Quelle est la valeur de Kvelertak version 2020, après le départ de son cogneur de batteur (et l'arrivée de Håvard Takle Ohr) et surtout de son charismatique hurleur Erlend Hjelvik, remplacé depuis deux ans par Ivar Nikolaisen ? Elle est inestimable. Oui, inestimable. Et comme le groupe a l'habitude de transformer un simple riff en or, Splid, quatrième album du combo norvégien et premier effort chez Rise Records, sera le joyau de sa discographie. Rien que ça.
Ce disque est d'autant plus réussi qu'il fait apparaître Kvelertak sous son meilleur jour. Pas question de renier l'époque du phénoménal et charismatique Hjelvik, mais la venue de Nikolaisen (dont Splid est la première expérience longue durée sur bande), ouvre de nouveaux horizons pour le sextet magique aux trois guitares complémentaires (mon Dieu, cet interlude de "Rogaland" !). De nouvelles pistes pour les mélodies, de nouvelles combinaisons vocales plus nuancées et surtout, des ambiances retrouvées. Le black'n'roll est toujours de mise, mais Kvelertakmet encore plus son amour pour le punk et même le deathpunk si cher à ses compatriotes de Turbonegro.

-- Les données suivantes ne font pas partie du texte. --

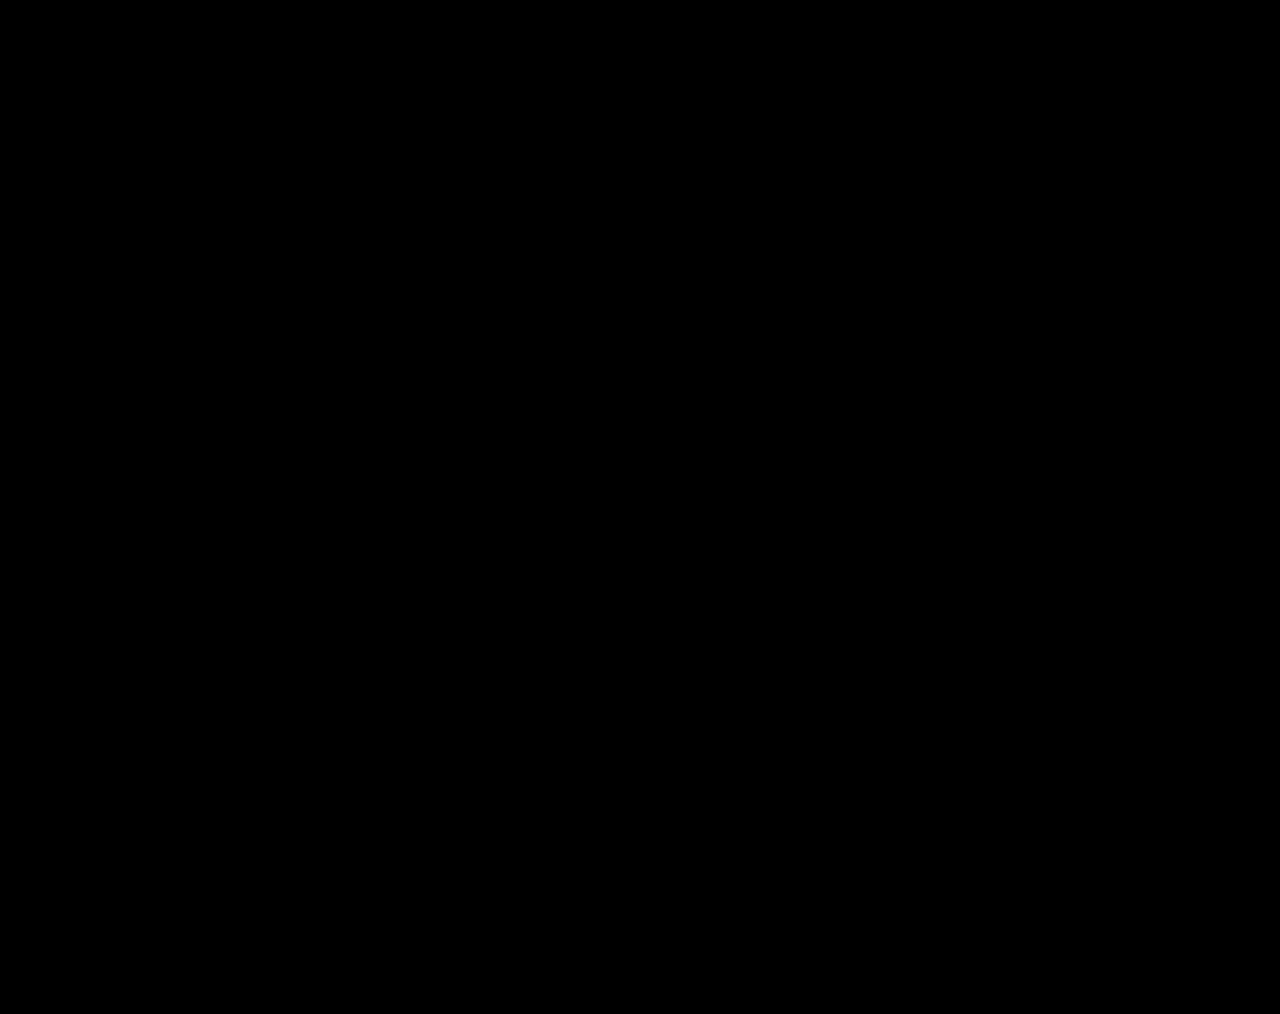 1280x1014 Sasuke Boruto The Movie Lineart By Rosolinio

Comme pour l'excellent Meir, le disque débute avec un morceau ("Rogaland") où tous les instruments entrent au fur et à mesure de l'avancée de la chanson, une sorte de montée en puissance pour créer une orgie sonore orgasmique. Et ce n'est que le début. Car l'auditeur a intérêt à avoir la mâchoire bien accrochée pour faire face aux uppercuts qui se succèdent sans temps mort. Ainsi, "Crack of doom" (l'un des deux morceaux de l'album chantés en anglais, et avec un Troy Sanders de Mastodon en vocal guest pas au meilleur de sa forme), le traditionnel (c'est-à-dire mélange de rock et de black) "Necrosoft", le mélodique et puissant "Discord" (deuxième titre en anglais avec Nate Newton de Converge au chant) s'enchaînent sans aucune baisse d'intensité. Il faut attendre la cinquième piste et "Bråtebrann", premier single de l'album, pour retrouver un semblant de respiration dans ce déluge de riffs et de voix torturées. Avant de reprendre quelques mandales bien ajustées ! "Uglas hegemoni", le morceau le plus rock'n'roll de l'album, prouve, s'il en est véritablement besoin, que les racines de Kvelertak puisent dans l'amour des guitares, dans la passion des mélodies mais aussi dans l'urgence, l'électricité, mais aussi et surtout les constructions simples et efficaces. Et dans cette avalanche de fureur et de sueur, on aurait presque oublié que le groove des Norvégiens est tout simplement exquis, en attestent le génial "Fanden ta delle hull! " et le monumental "Tevling" au son clair.
La fin de l'album ravira les inconditionnels du groupe. Après 4'29 d'un passionnant (et même dansant) "Stevnemøte med Satan" riche en mélodies diverses et variées et toujours sur le fil du rasoir, Kvelertak propose deux bijoux schizophréniques longue durée pour lesquels il ne faut pas se fier aux intros. Après un "Delirium tremens" au début hypnotique, à la colonne vertébrale mélodiquement brutale et à l'apogée ultra violente (le tout en plus de 8 minutes !), le disque s'achève avec "Ved bredden av nihil". Débutant à la guitare nylon, ce titre fait plonger l'auditeur dans la folie et se révèle être, avec son prédécesseur, l'un des morceaux les plus sombres de l'album. Une touche finale dérangée et dérangeante sur des rythmes rock puis black.
Le choc est rude mais l'euphorie est à son paroxysme. Avec Splid, et après 58 minutes à malmener de toute part son auditoire, Kvelertak ne réussit pas un coup de maître : il devient le Maître des donneurs de coups. Avec son nouveau frontman, Kvelertak s'offre une deuxième jeunesse, dopée au mélodies imparables et aux harmonies fulgurantes. Plus diversifié et encore plus fort, le groupe offre le meilleur, c'est-à-dire lui-même. Rien de moins.